▶ Input data
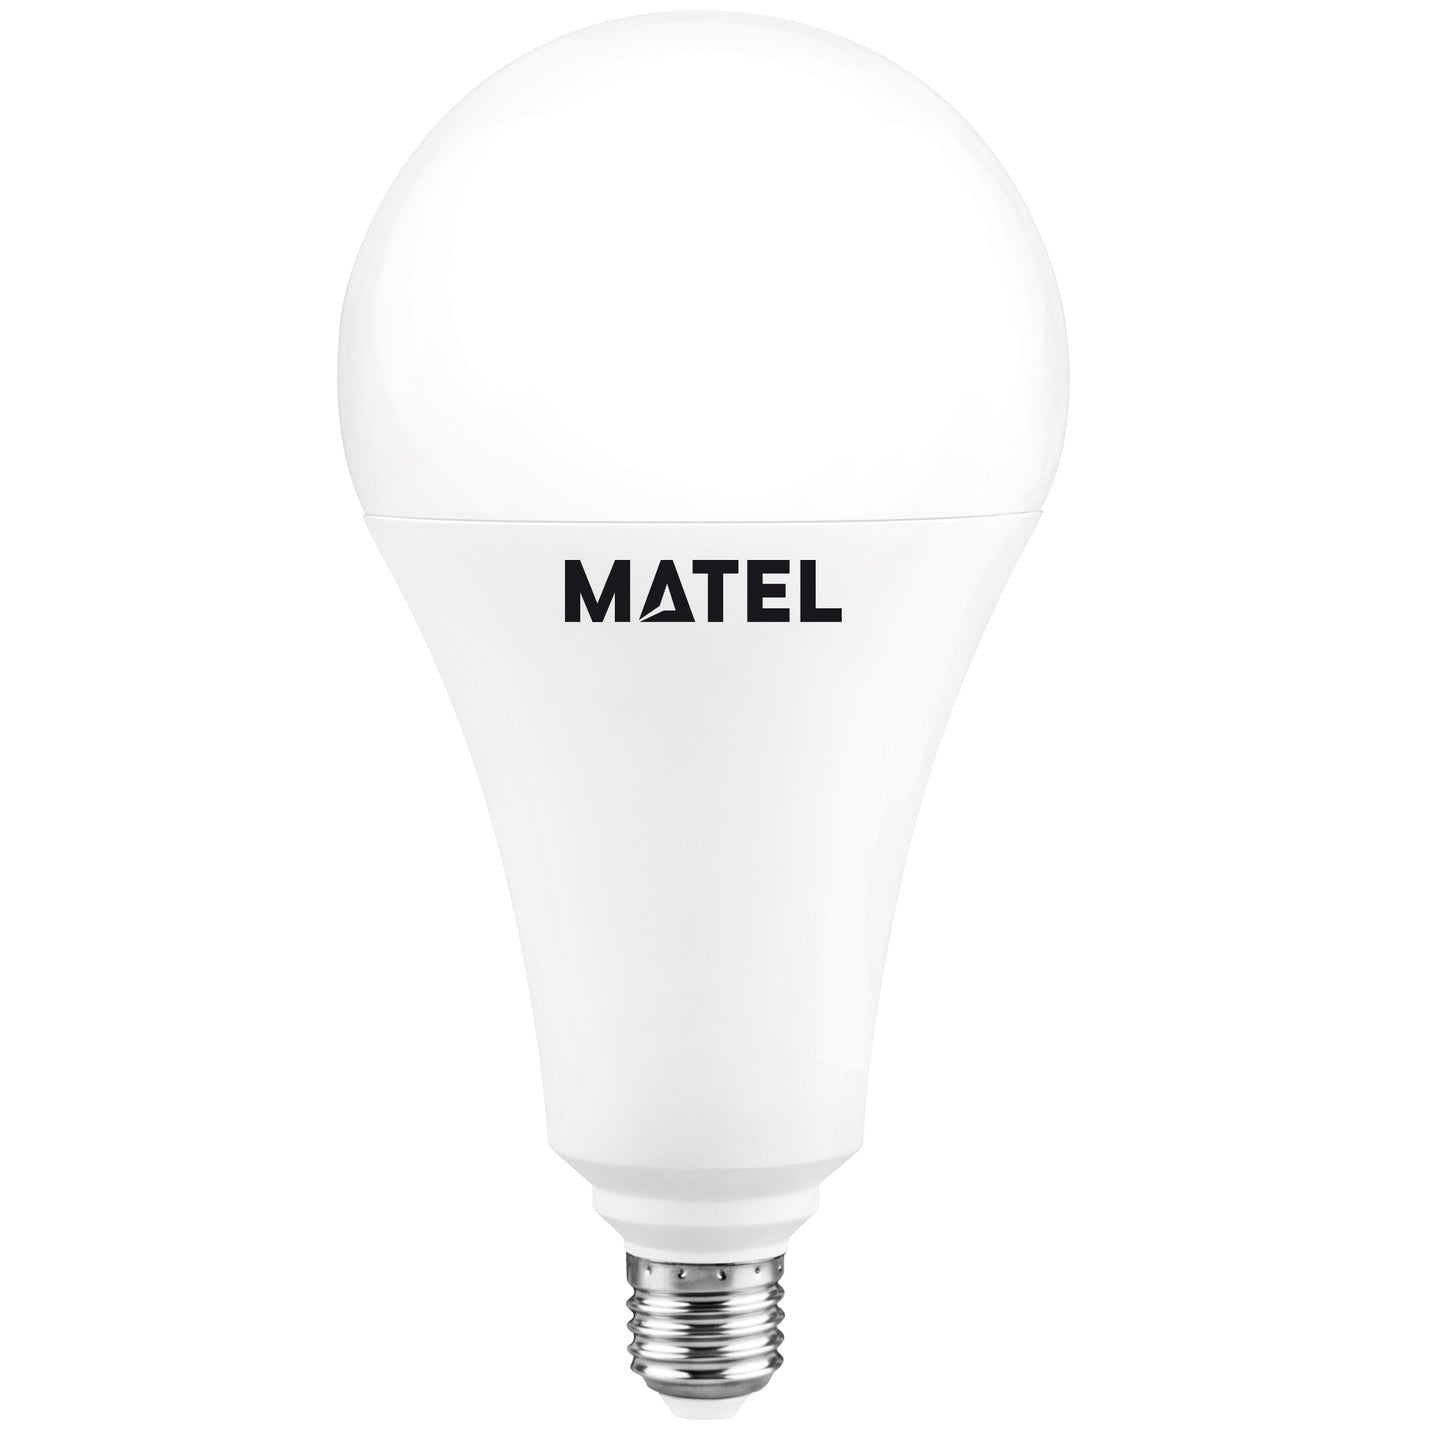 LAMPE LED NORMALE E27 270º A60 A120 4W-30W ATE 100LM/W 230V AC 
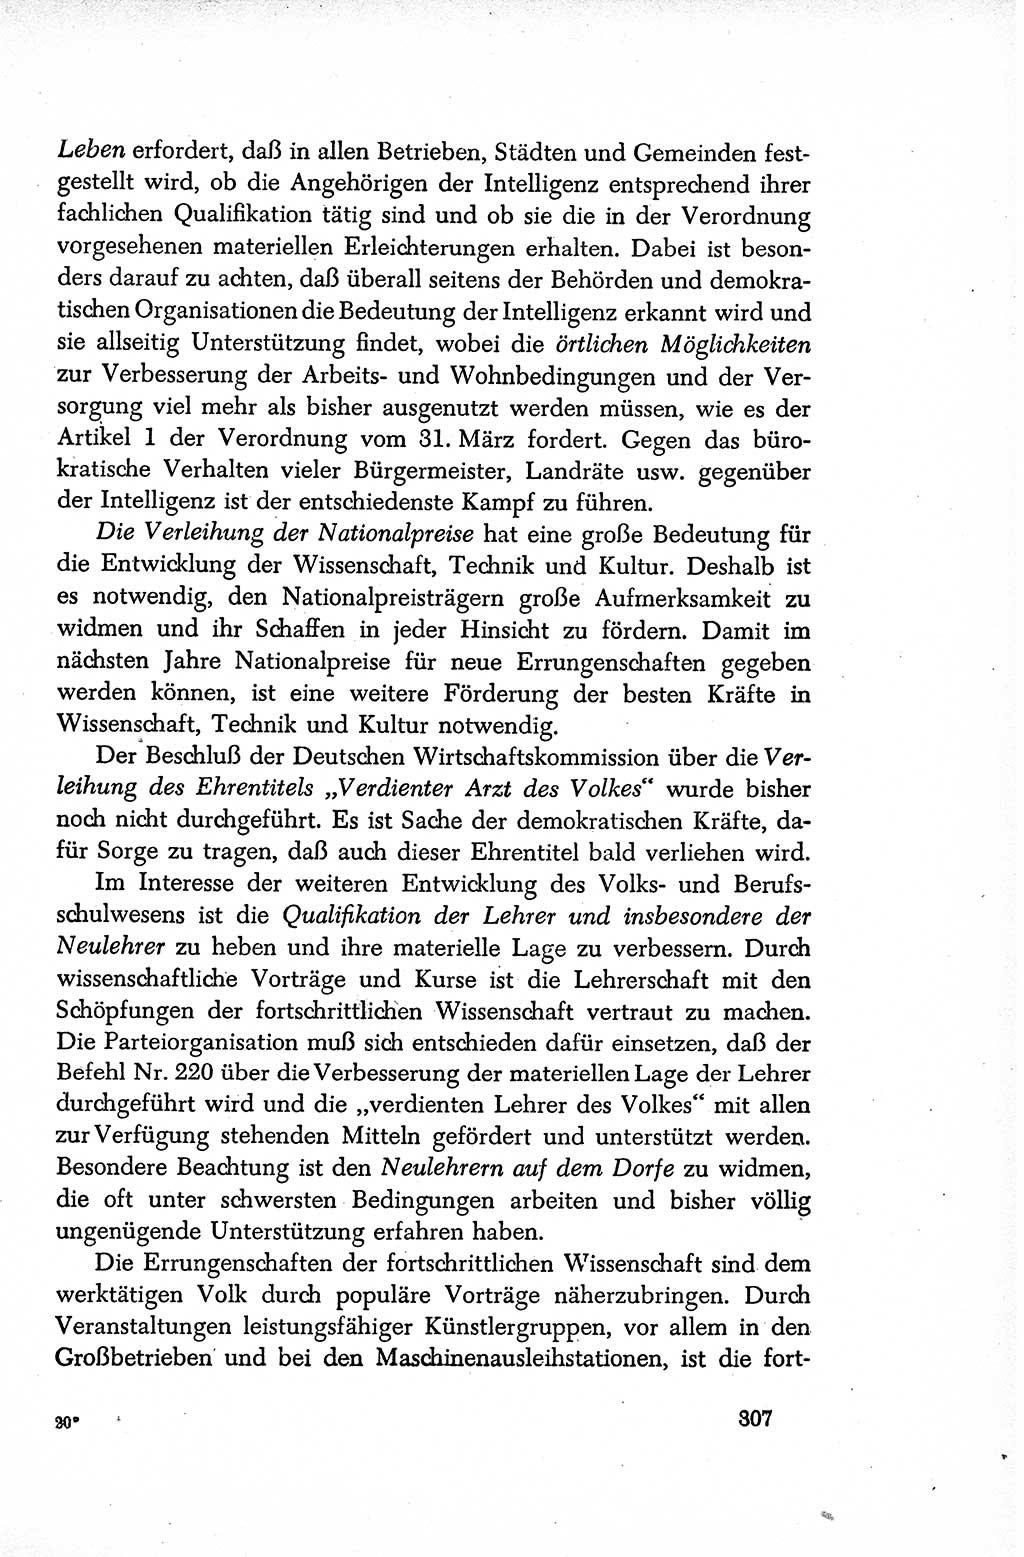 Dokumente der Sozialistischen Einheitspartei Deutschlands (SED) [Sowjetische Besatzungszone (SBZ) Deutschlands/Deutsche Demokratische Republik (DDR)] 1948-1950, Seite 307 (Dok. SED SBZ Dtl. DDR 1948-1950, S. 307)
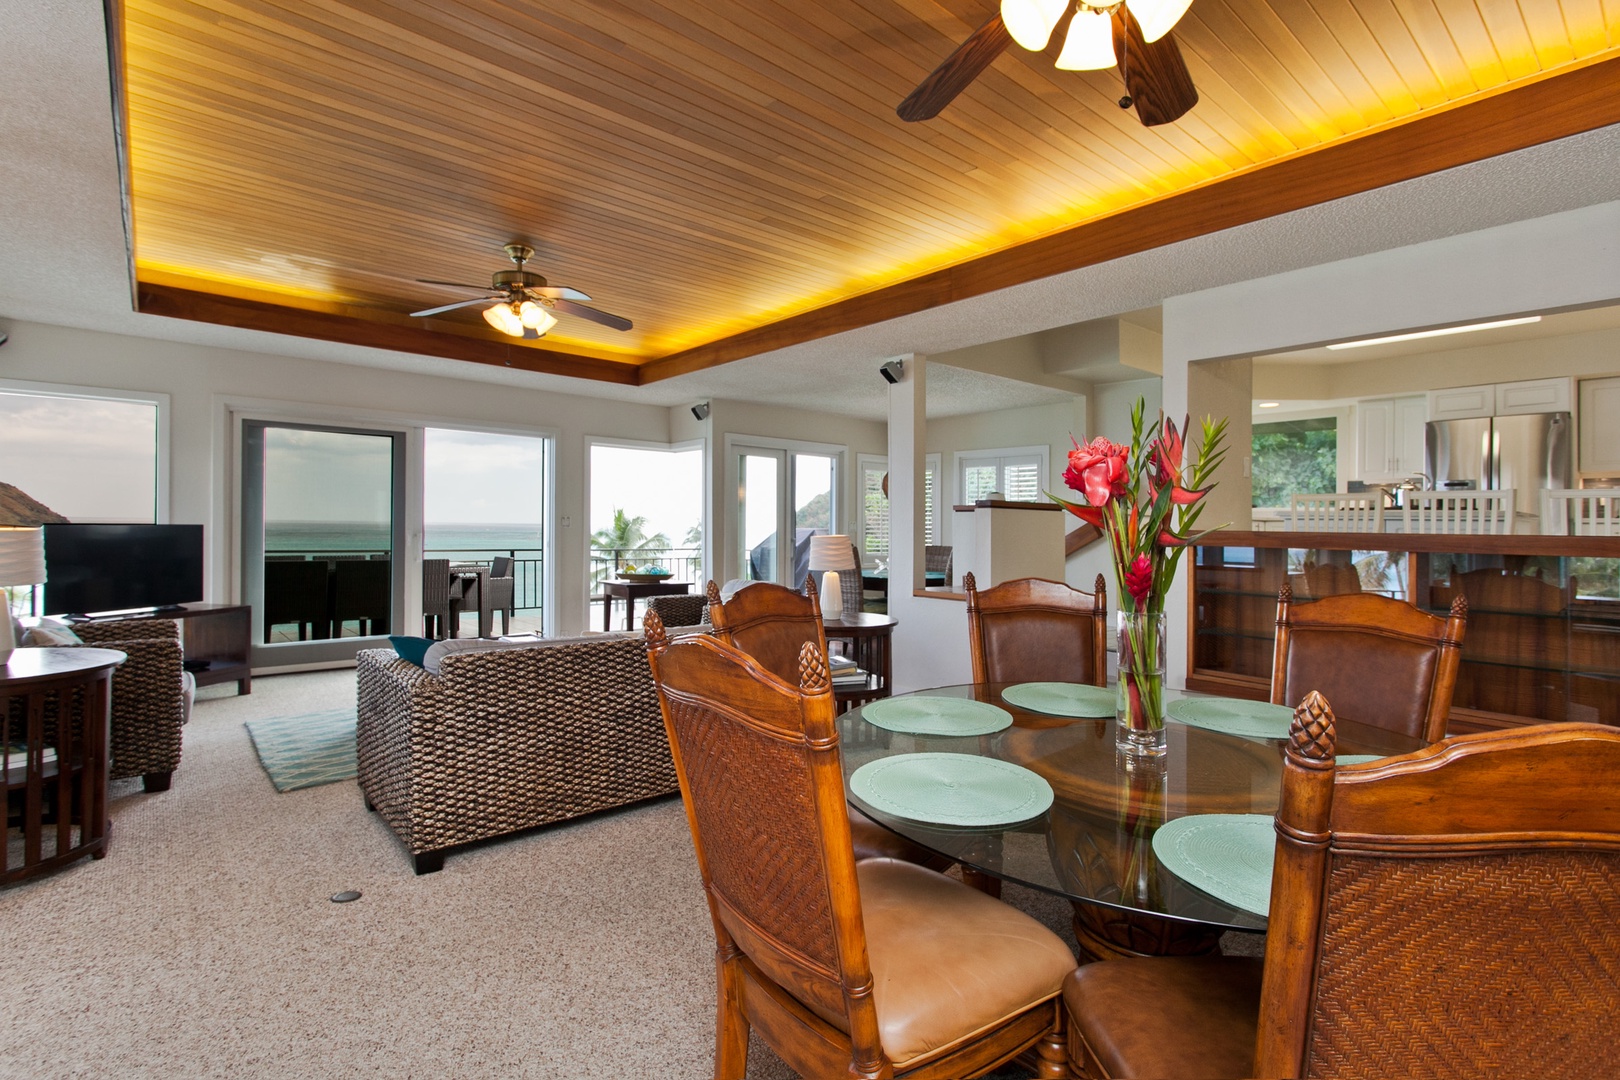 Kailua Vacation Rentals, Lanikai Village* - Hale Kolea: Dining area overlooking the lanai and ocean.

▶ Task directions
Once the pictures are removed, copy the listing exactly.

▶ Exercise response
 LAMPE LED NORMALE E27 270º A60 A120 4W-30W ATE 100LM/W 230V AC 
 Dokumente der Sozialistischen Einheitspartei Deutschlands (SED) [Sowjetische Besatzungszone (SBZ) Deutschlands/Deutsche Demokratische Republik (DDR)] 1948-1950, Seite 307 (Dok. SED SBZ Dtl. DDR 1948-1950, S. 307)
 Kailua Vacation Rentals, Lanikai Village* - Hale Kolea: Dining area overlooking the lanai and ocean.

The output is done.